And in return she could tell me how she had killed off her last set of girlfriends, or boyfriends, or friend, or whatever it was.

After that, we could have a go at exchanging news, rumors and speculations about local, national and world events. Was it true that Atlantic Highlands had planes of some sort or were they from Europe? Were they actually crucifying the Deathlanders around Walla Walla or only nailing up their dead bodies as dire warnings to others such? Had Manteno made Christianity compulsory yet, or were they still tolerating Zen Buddhists? Was it true that Los Alamos had been completely wiped out by plague, but the area taboo to Deathlanders because of the robot guards they'd left behind—metal guards eight feet tall who tramped across the white sands, wailing? Did they still have free love in Pacific Palisades? Did she know there'd been a pitched battle fought by expeditionary forces from Ouachita and Savannah Fortress? Over the loot of Birmingham, apparently, after yellow fever had finished off that principality. Had she rooted out any "observers" lately?—some of the "civilized" communities, the more "scientific" ones, try to maintain a few weather stations and the like in the Deathlands, camouflaging them elaborately and manning them with one or two impudent characters to whom we give a hard time if we uncover them. Had she heard the tale that was going around that South America and the French Riviera had survived the Last War absolutely untouched?—and the obviously ridiculous rider that they had blue skies there and saw stars every third night? Did she think that subsequent conditions were showing that the Earth actually had plunged into an interstellar dust cloud coincidentally with the start of the Last War (the dust cloud used as a cover for the first attacks, some said) or did she still hold with the majority that the dust was solely of atomic origin with a little help from volcanoes and dry spells? How many green sunsets had she seen in the last year?

* * * * *

After we'd chewed over those racy topics and some more like them, and incidentally got bored with guessing and fabricating, we might, if we felt especially daring and conversation were going particularly well, even take a chance on talking a little about our childhoods, about how things were before the Last War (though she was almost too young for that)—about the little things we remembered—the big things were much too dangerous topics to venture on and sometimes even the little memories could suddenly twist you up as if you'd swallowed lye.

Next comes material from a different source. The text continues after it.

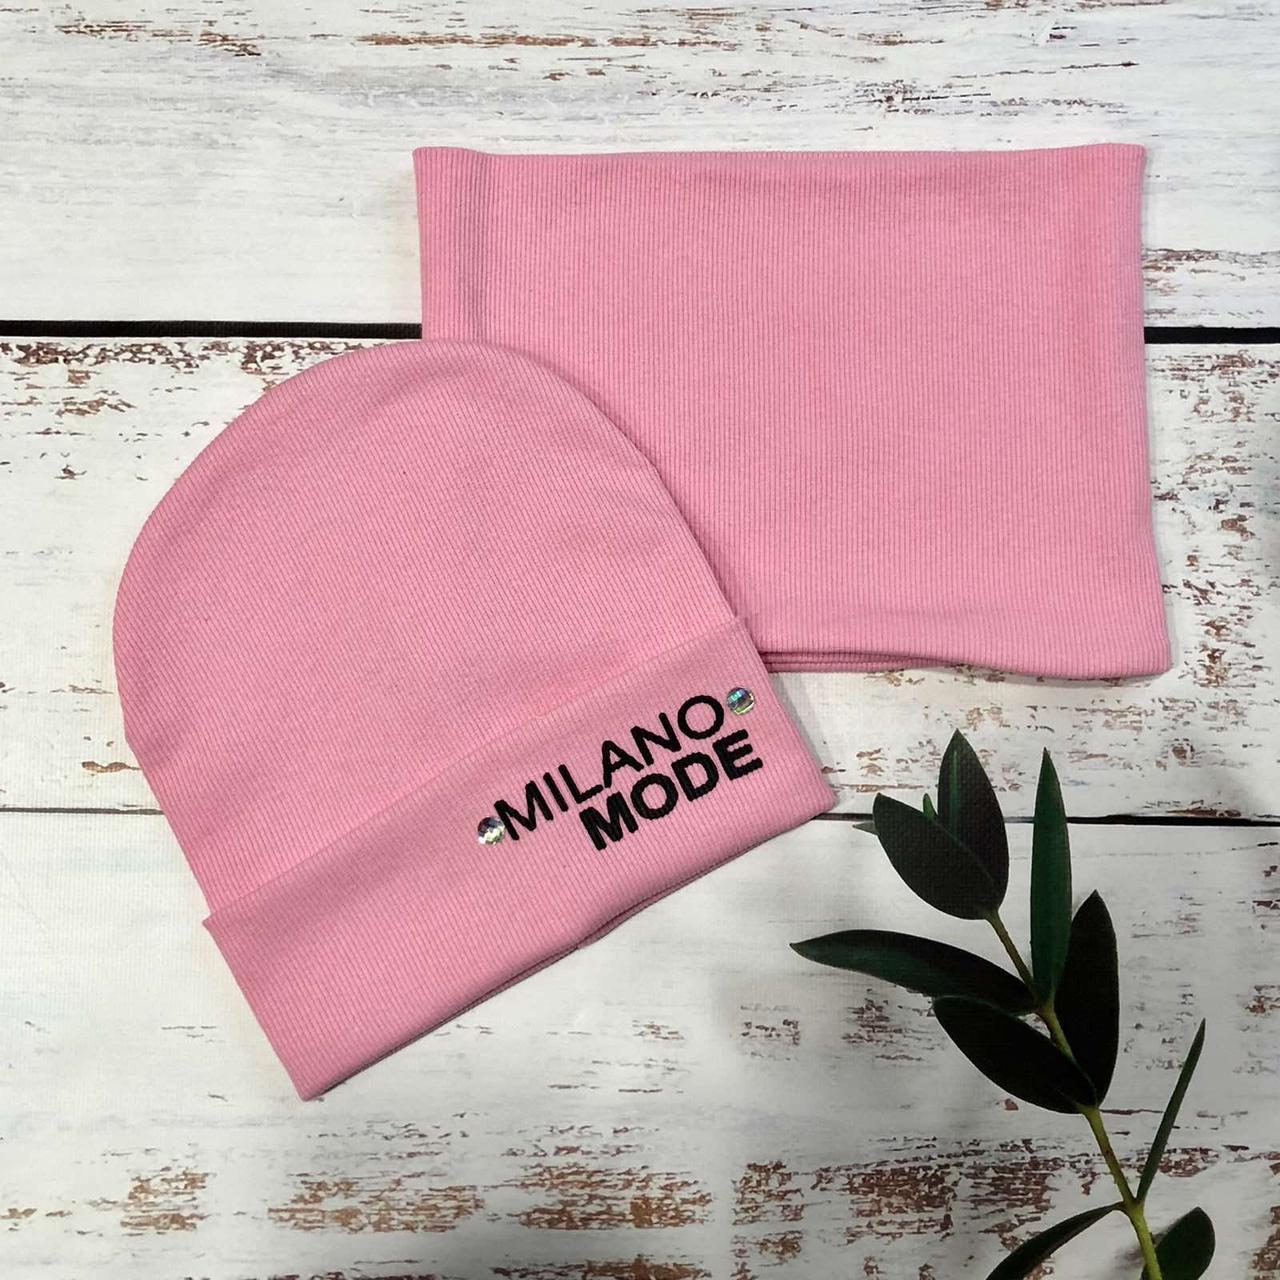 Трикотажная шапка с хомутом для девочки Millano Mode (розовый) 52-54 р

But after that there wouldn't be anything left to talk about. Anything you'd risk talking about, that is. For instance, no matter how long we talked, it was very unlikely that we'd either of us tell the other anything complete or very accurate about how we lived from day to day, about our techniques of surviving and staying sane or at least functional—that would be too imprudent, it would go too much against the grain of any player of the murder game. Would I tell her, or anyone, about how I worked the ruses of playing dead and disguising myself as a woman, about my trick of picking a path just before dark and then circling back to it by a pre-surveyed route, about the chess games I played with myself, about the bottle of green, terribly hot-looking powder I carried to sprinkle behind me to bluff off pursuers? A fat chance of my revealing things like that!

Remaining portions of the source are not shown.